The aim of the RHI is to provide an incentive to people to generate usuable heat without consuming carbon.

This incentive is planned to be paid where a unit of heat is created that avoids the burning of carbon (oil/coal/gas) or multiplies the amount of heat rather than having a direct generation of heat. An example of this being the use of a heat pump.

The ideal technology for RHI is Solar Water Heating, once installed (apart from the pump) a totally carbon free means of heating water. With a heat pump, the heat that is accounted for on the RHI is the difference between that which would be generated by heating air or water directly using electricity and the actuall heat given out. So a heat pump that has a conversion ratio of 3 to 1 could be said to provide 2 units of carbon free heat for every 1 that uses carbon.

The unit of heat is nominally going to be measured in MWhr under the RHI.

The RHI committee are looking at the ROI (Return on Investment) and how to measure.  One of the ways of measurement will be to set a nominal effectveness for a technology and work out an annual incentive payable on an installation.

Potential for Fraud within the RHI

I can see this being wide open to abuse. Lets say I have a Heat Pump that runs for the 1st two or three years, it means I don’t have to use my boiler and I get an annual incentive for using what is a marginally cheaper system.

Once the system is beyond the warranty period, lets say it fails and repairs will cost the equivalent of 2 years worth of incentive. With a failure I will anyway switch on my boiler, I need heating, then I must arrange a repair. But the RHI continues to be paid as it is not based on a meter. Even if there is some facility for inspection, all I have to do is say it failed last week and I am arranging a repair.

The same will apply to any system that is not metered in a verifiable way.

Insurance

As a solution, perhaps include a mandatory insurance policy that is paid out of the RHI. This can be open to competition as with car insurance, but the payment of RHI is dependent on the equipment being insured. This will have an additional bonus in that reliable systems will cost less to insure and therefore challenge the market to improve quality. To an extent, as with the motor insurance trade, this will represent an unofficial but effective additional  regulation of the RHI.

Insulation

Now, the RHI is there to pay an incentive to reduce the use of carbon in heating. But lets say I have a house with an energy bill of £1,000 to heat it. I switch to a Heat Pump and with incentives covering my 2/3rds heating that is carbon free my heating bill comes down to about £300.

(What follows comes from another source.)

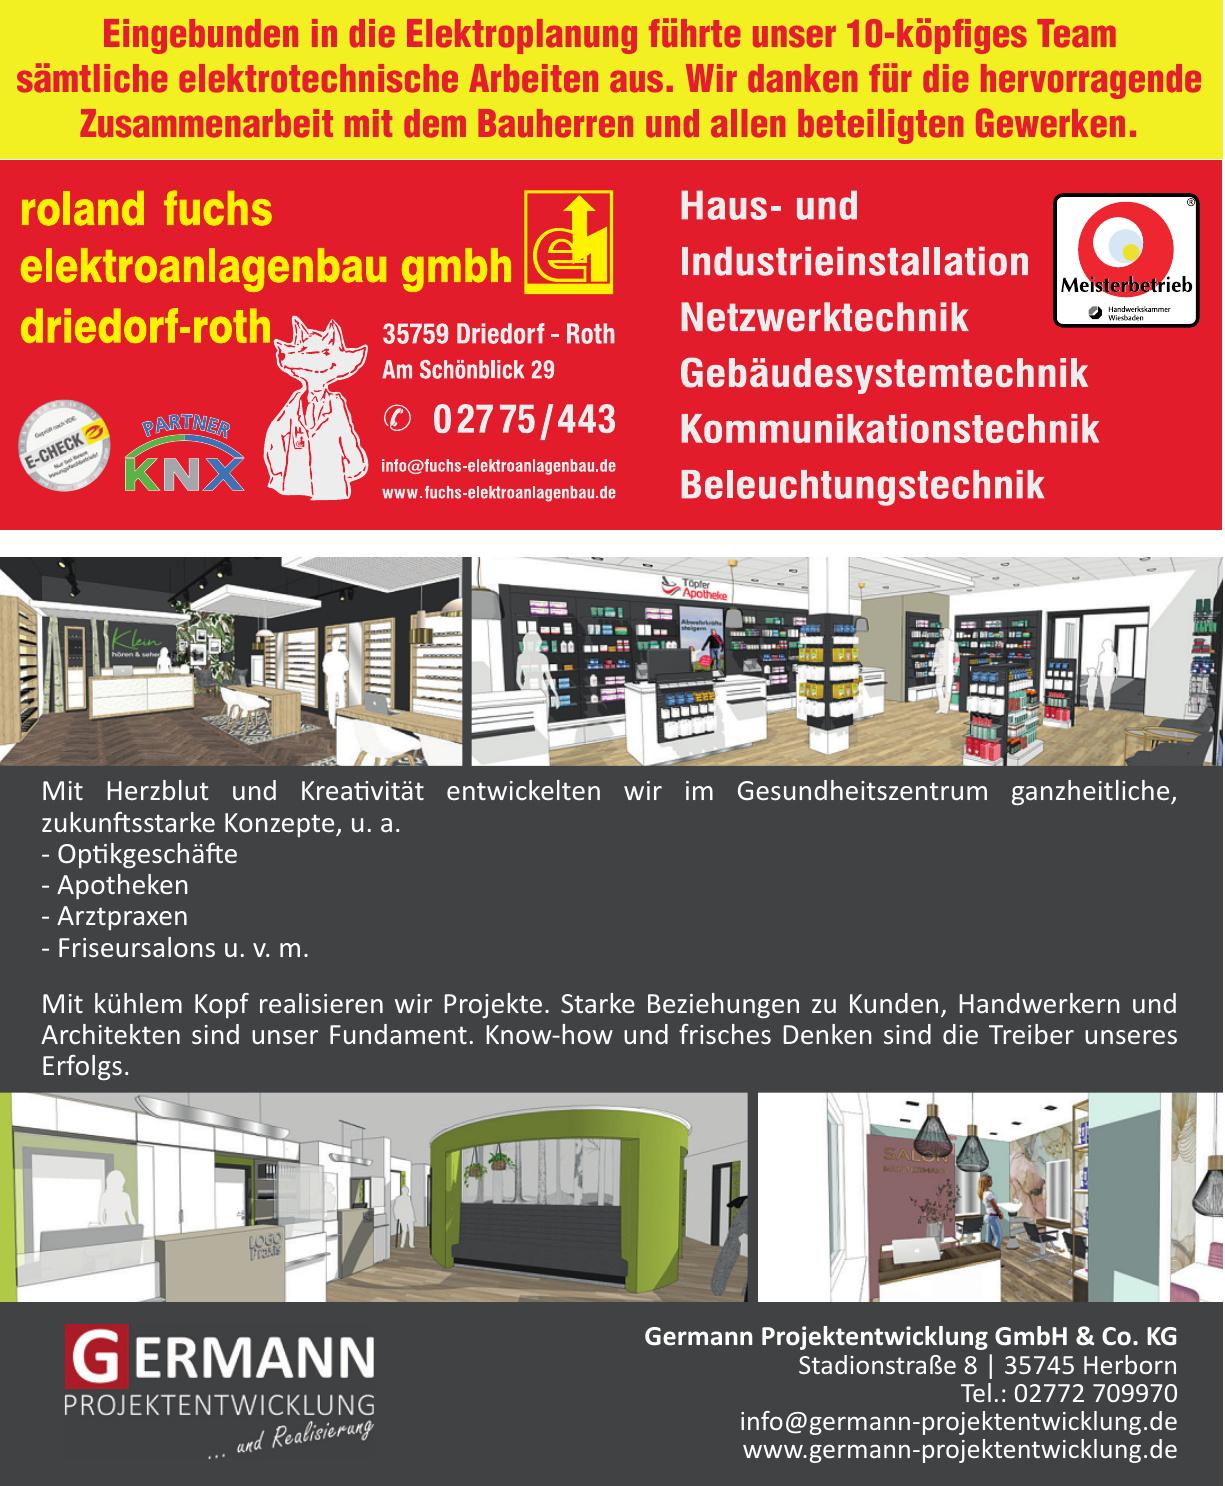 Germann Projektentwicklung GmbH & Co. KG

But what if I super insulate my house such that I match that reduction in energy use. Or turn my thermostat down by a notch and put on a jumper and save £500? It seems the RHI is focused on making money for people who both have money and choose a technical solution.

cavity wall with additional 2 inches of insulation and weatherboarding.

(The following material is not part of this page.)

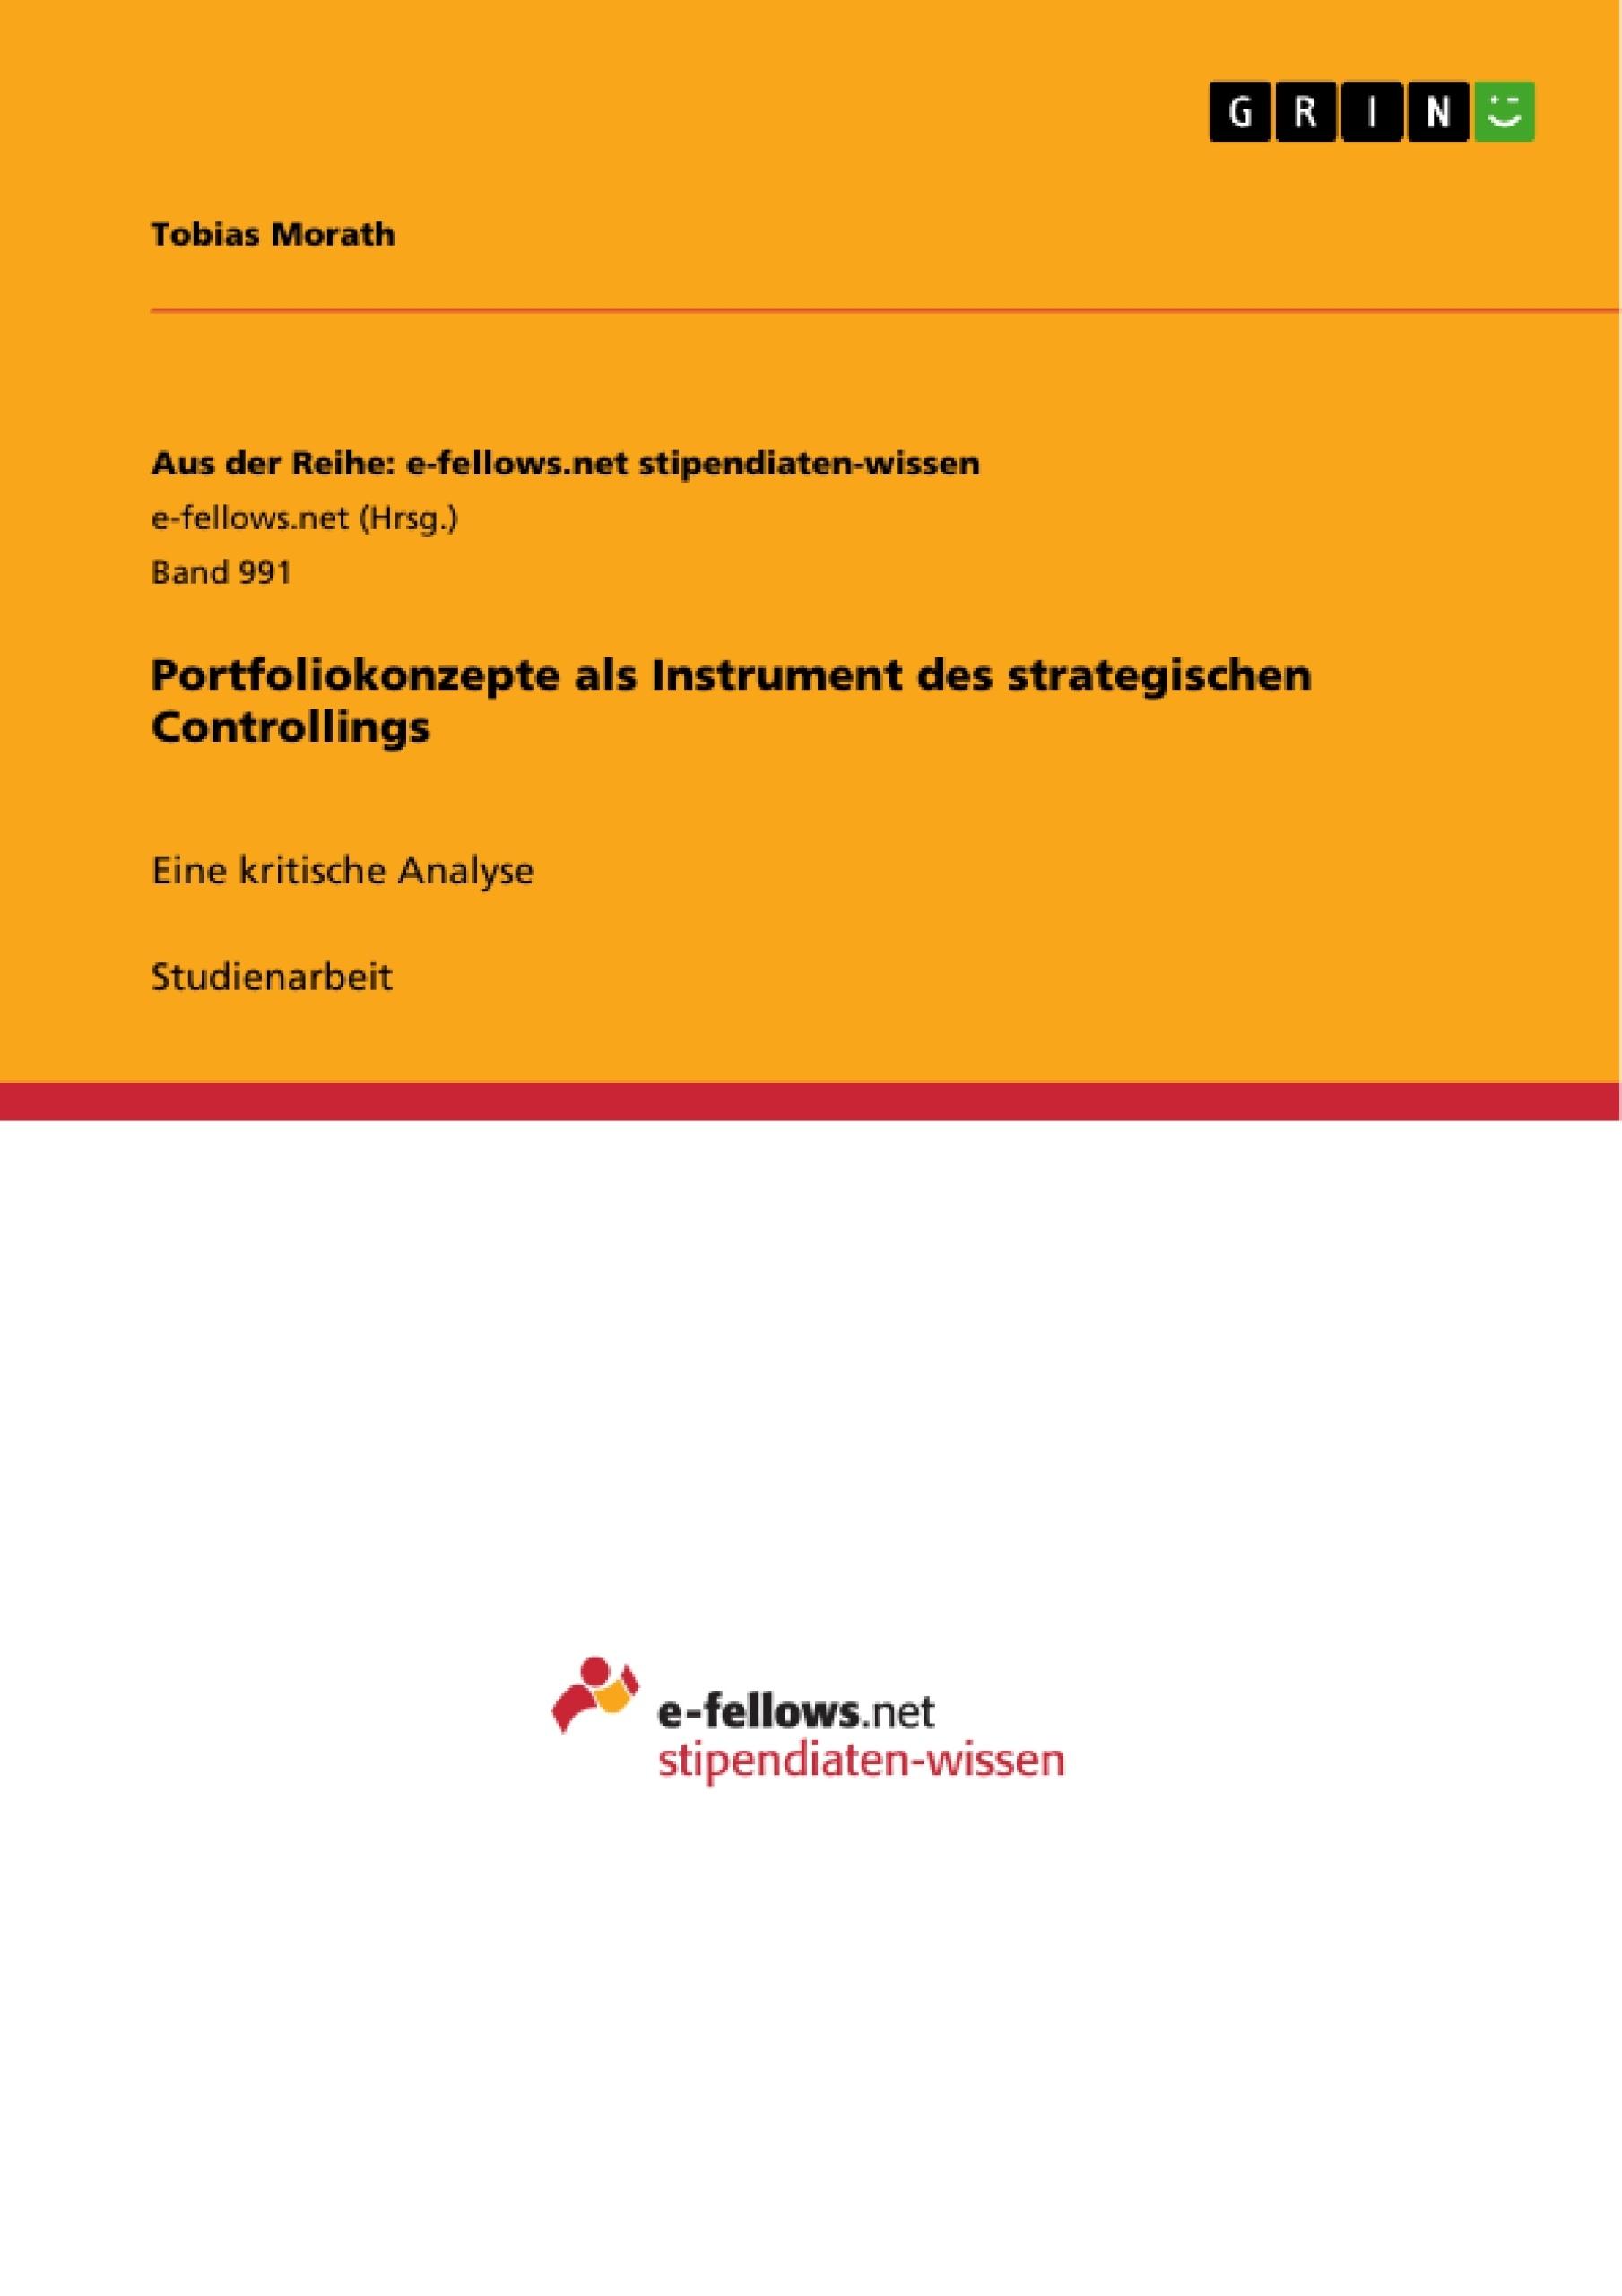 Titel: Portfoliokonzepte als Instrument des strategischen Controllings

cavity wall with additional 2 inches of insulation and weatherboarding

Perhaps the granting of RHI for space heating should also be dependent upon the house being as efficiently insulated as possible. Not just the minimum loft insulation and cavity wall, but really well insulated, triple galzing, additional insulation over and above cavity wall, even more loft insulation than minimal!

I would exclude water heating from this as this kind of heating requires a proactive response rather than preservation of existing heat.

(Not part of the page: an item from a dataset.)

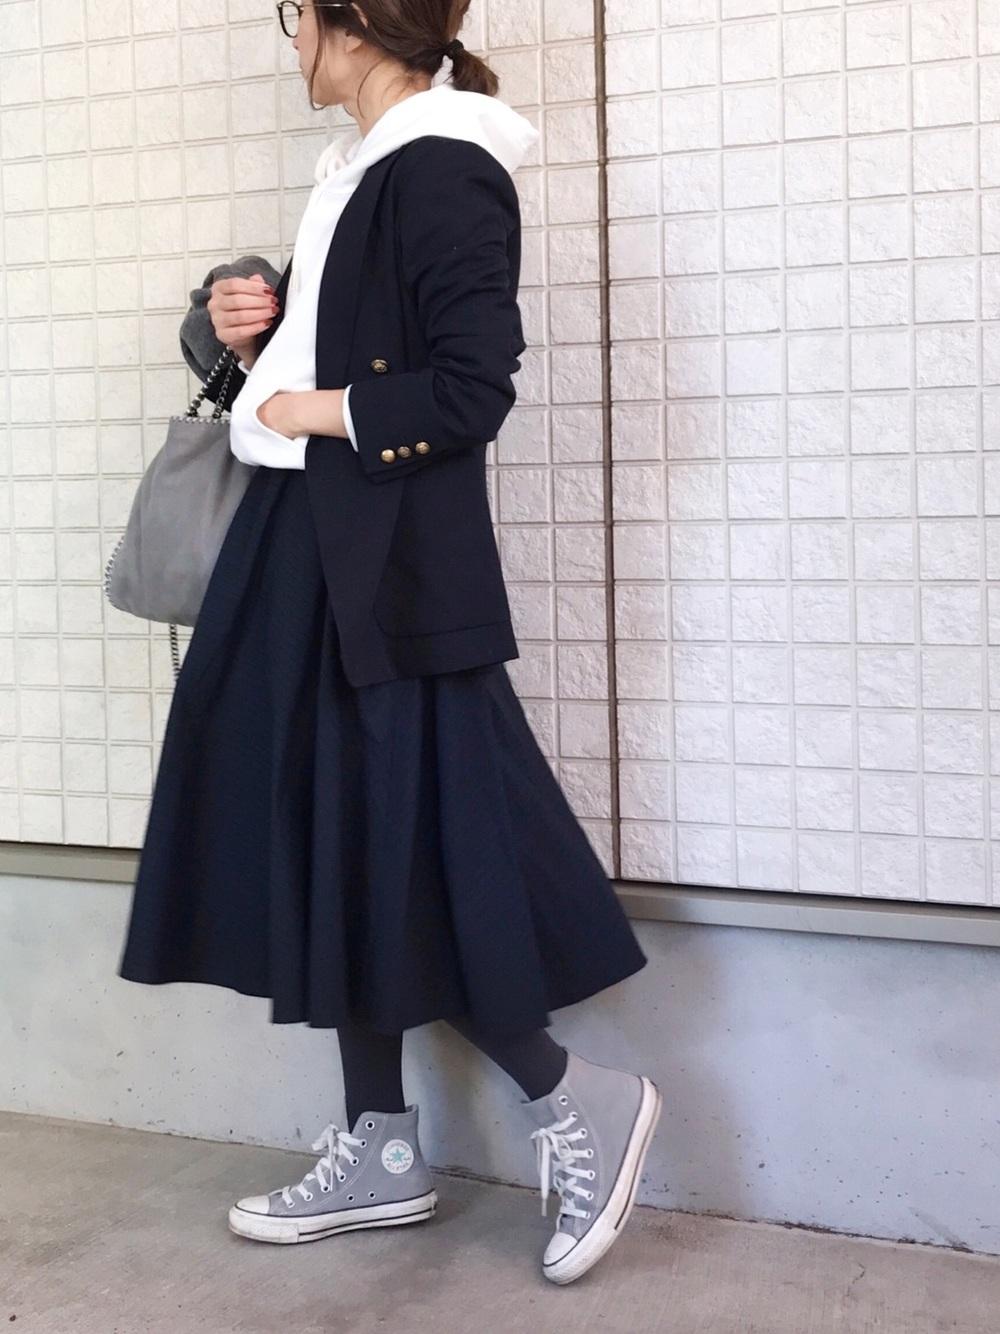 ネイビーのスカートとジャケットにホワイトパーカーのコーデ

Joined up Government? NOT!

I have commented on the Government’s kick in the teeth for the pioneers of renewable energy. Our generated electricity clearly has a far lower worth than newer renewably generated electricity – yet its the same and actually has done far more good for the industry and cost us more than energy coming on stream now!

Now, not content with undermining the renewable energy industry by kicking the pioneers in the teeth, but they are going to do their damndest to kill off some of the the most effective parts of the industry.

At the moment, anybody taking advantage of the Low Carbon Buildings Programme grant scheme can expect a grant of £400 for the installation of a solar water heating system. This can represent a worthwhile 10% rebate on the average cost of  £4,000. This money runs out in about two months! Lets say June 2010

In April 2011 there is the new scheme, the Renewable Heat Incentive which pays a rate for energy generated / CO2 saved for systems that generate heat renewably.

So, anybody who has done the minimum of research will see that it will pay them to delay any installation that might miss the LCBP until the RHI comes into effect. Potentially a 10 month gap for installers that will almost certainly drive many into bankruptcy!

Worse than that, the companies that rely on marketing, pressurized selling techniques with significantly overpriced but low quality systems will hardly feel the effect.  They will survive while the companies that are working within a tight margin to ensure a high quality fair priced system will fail!

Click here for a full explanation of what is going on and the letter that has been written to Alistair Darling can be seen here

A Note on Sales Techniques.

When I was promoting Solar systems about 5 years ago, after a mail drop I got 600 positive responses out of about 100,000. Actually that is good. Of these responses, each being visited by a technician, no hard sell just a system being promoted on its merits and low price I got 3 sales.

I spoke to a competing company that used pressurized selling. My systems sold for less than £4,000 theirs, using the exactly the same equipment (I was put in contact through the supplier) were generally sold for between £7,000 and £9,000 basically whatever they could talk the customer into paying. They were categorical that they would have converted between 30% and 50% into sales!

The supplier dropped this installer, they were unhappy with their sales methods!